Styl nowoczesny i antyki – piękne połączenie starego z nowym w mieszkaniu w kamienicy
Styl nowoczesnyNowoczesny styl i antyki są jak ogień i woda. A jednak można je ze sobą pogodzić. Tak pięknie jak w mieszkaniu w kamienicy Sylwii, Adama i ich córki Klary.
Pełne świata mieszkanie w starej kamienicy
Sylwia i Adam zjeździli kawał świata. On jest wiertnikiem, pracował na kontraktach w Hiszpanii i na Bliskim Wschodzie. Ale dom kupili na Śląsku, czyli tu, gdzie się wychowali. Gdy miała urodzić im się córka Klara, pięćdziesięciometrowe mieszkanie w bloku w Katowicach postanowili zamienić na coś większego. Szukali głównie w kamienicach, bo Adam kocha stare domy i przedmioty. Nie przypuszczali, że trafią do Bytomia.
Cztery wielkie okna w salonie z kuchnią
To dość zrujnowane miasto, z którego ludzie raczej wyjeżdżają. Jednak Adam, który pracował tutaj zaraz po studiach, zdążył je poznać i polubić. Przekonał żonę, że warto kupić tu mieszkanie. – Tym bardziej że od razu nas oczarowało. Było w starej zadbanej kamienicy w centrum, kilkaset metrów od parku – wspomina Sylwia. – A przede wszystkim miało wysokie na 3,3 metra pokoje z ogromnymi oknami.

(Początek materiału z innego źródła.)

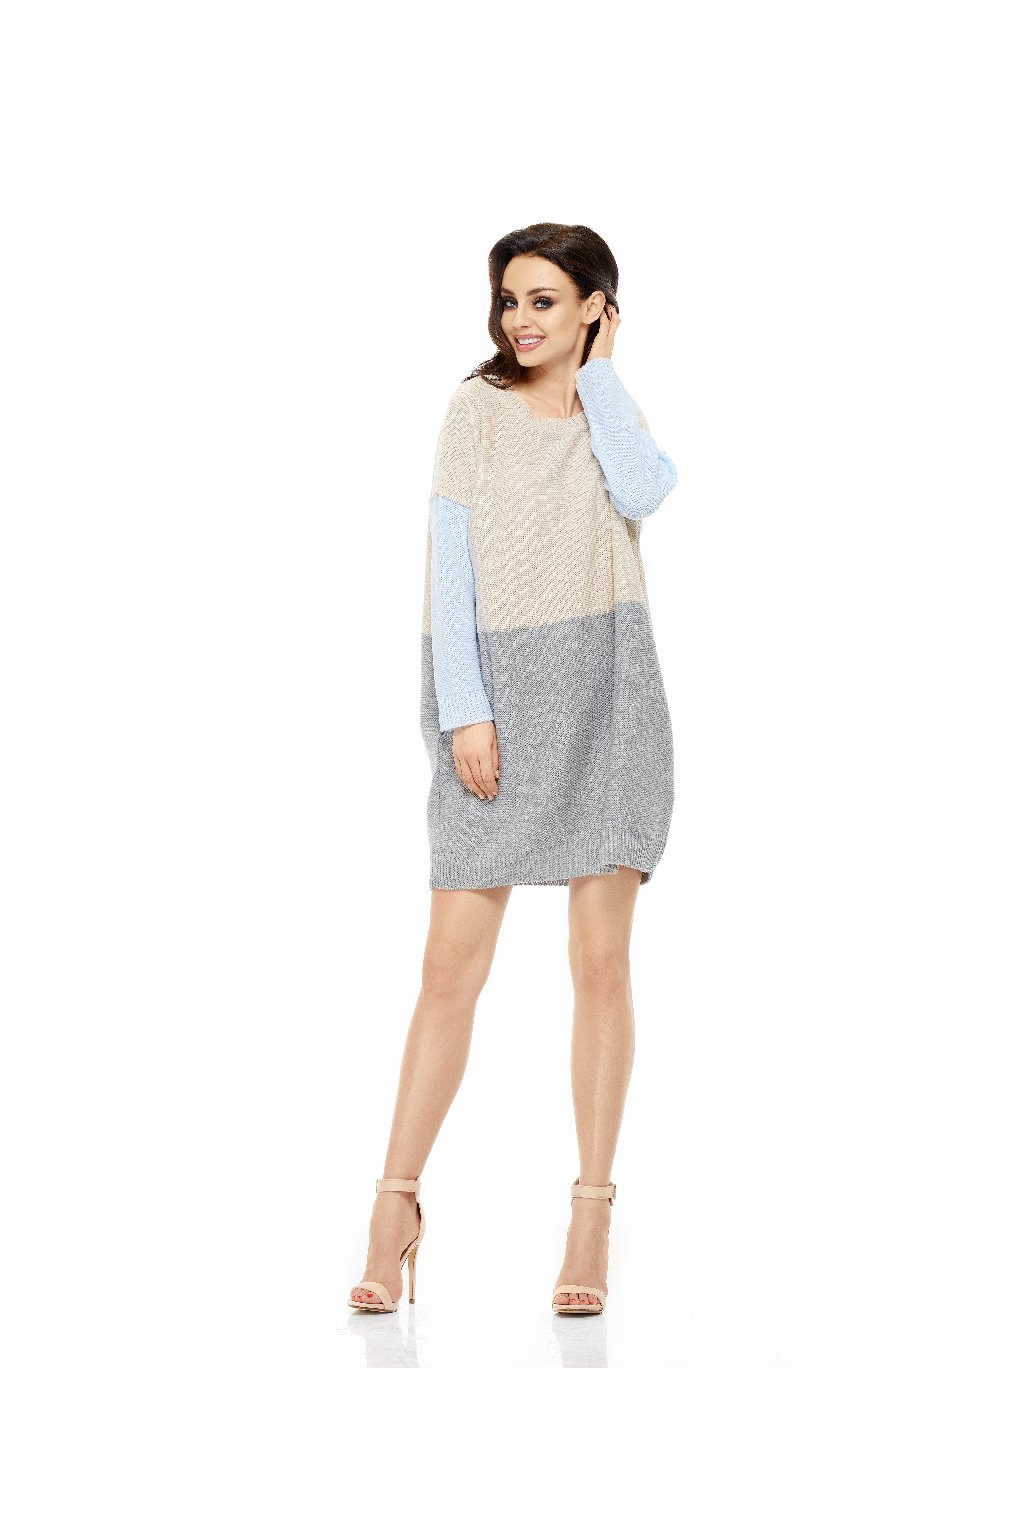 Dámské pletené šaty Lemoniade LS203 modrošedobéžové 1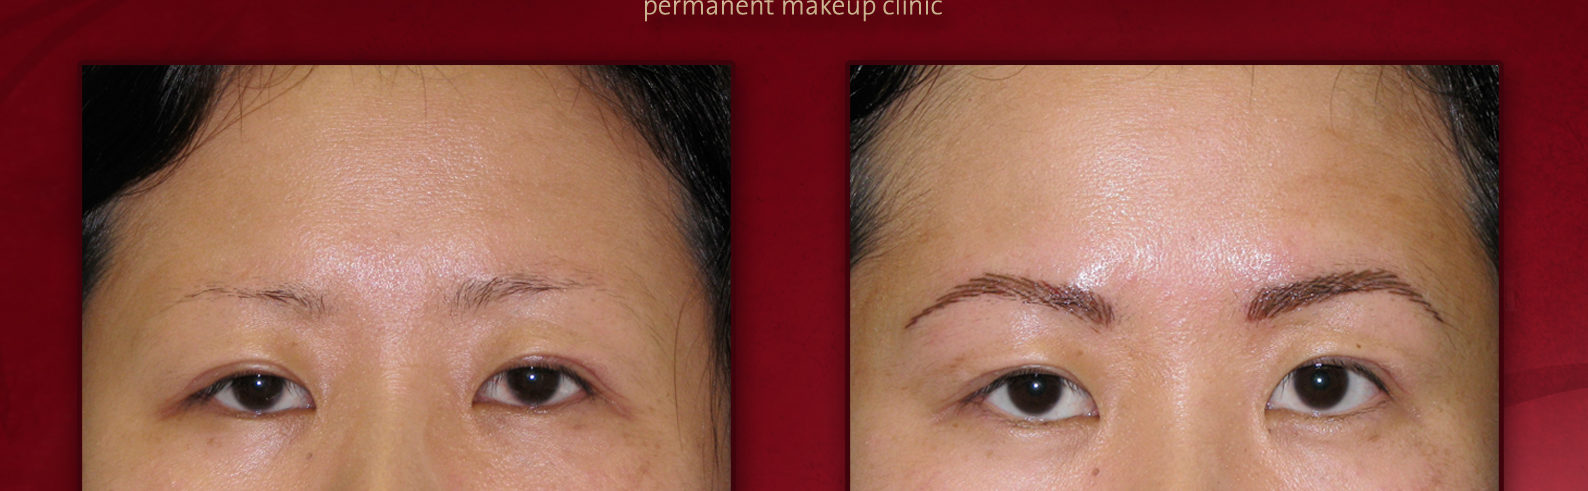 microblade eyebrows, eyebrow tattoo, permanent eyebrows, FeatherStroke Eyebrows

Przez cały dzień jest tu mnóstwo światła. No i ta piękna stara stolarka wewnątrz. Fakt, było w dość opłakanym stanie, bo wcześniej było komunalne. Ale jako że za metr kwadratowy w Bytomiu płaciło się wtedy znacznie mniej niż w Katowicach, mogli sobie pozwolić na generalny remont. Zdarli więc wszystko, łącznie z instalacjami elektrycznymi, i zrobili od nowa. Przy okazji przearanżowali przestrzeń – dwa pokoje połączyli w dużą część dzienną, która ma cztery wielkie okna. W dawnej kuchni urządzili łazienkę, a w miejscu spiżarni wannę i otwarty prysznic.
Styl nowoczesny i antyki – połączenie starego z nowym w mieszkaniu
Co do architektów nie mieli wątpliwości, kogo wybrać. Marta, przyjaciółka Sylwii od przedszkola, prowadzi z mężem Maciejem i wspólniczką pracownię architektoniczną MMOA w Katowicach. Najczęściej robią nowoczesne projekty, ale znali Adama i wiedzieli, że taki styl będą musieli połączyć z antykami.
Ich klient i przyjaciel jest bowiem fanem i łowcą staroci. Tą pasją zaraził go ojciec, który odnawia zabytkowe samochody i motory oraz kolekcjonuje antyczne zegary. Adam już na początku zapowiedział, że chciałby ocalić, co się da, a przede wszystkim zachować charakter mieszkania w kamienicy wybudowanej w 1903 r.
> Przeczytaj także: Jak urządzić mieszkanie w zabytkowej kamienicy? <
Architekci zadbali więc o to, by przepiękne, oryginalne drzwi z mosiężnymi klamkami dalej służyły nowym właścicielom, choć po przesunięciu ścian one też zmieniły miejsce. Stara podłoga była zbyt zniszczona, by ją odnowić i w jej miejsce położyli klasyczną dębową jodełkę. Pod sufitem pojawiły się stiuki podobne do tych, które niegdyś tu były. Na wzór dawnych dorobiono również okna, a stylowe klamki Adam wyszukał na słynnym targu staroci w Bytomiu, którego jest stałym bywalcem. Stamtąd jest też bieliźniarka w salonie, no i stół. – Nigdzie nie mogłem znaleźć takiego, jaki bym chciał, dwumetrowego, rozkładanego do trzech metrów – opowiada Adam. – Kupiłem więc mebel w częściach i sam poskładałem z kolegą stolarzem na wzór dawnych, a potem położyłem fornir.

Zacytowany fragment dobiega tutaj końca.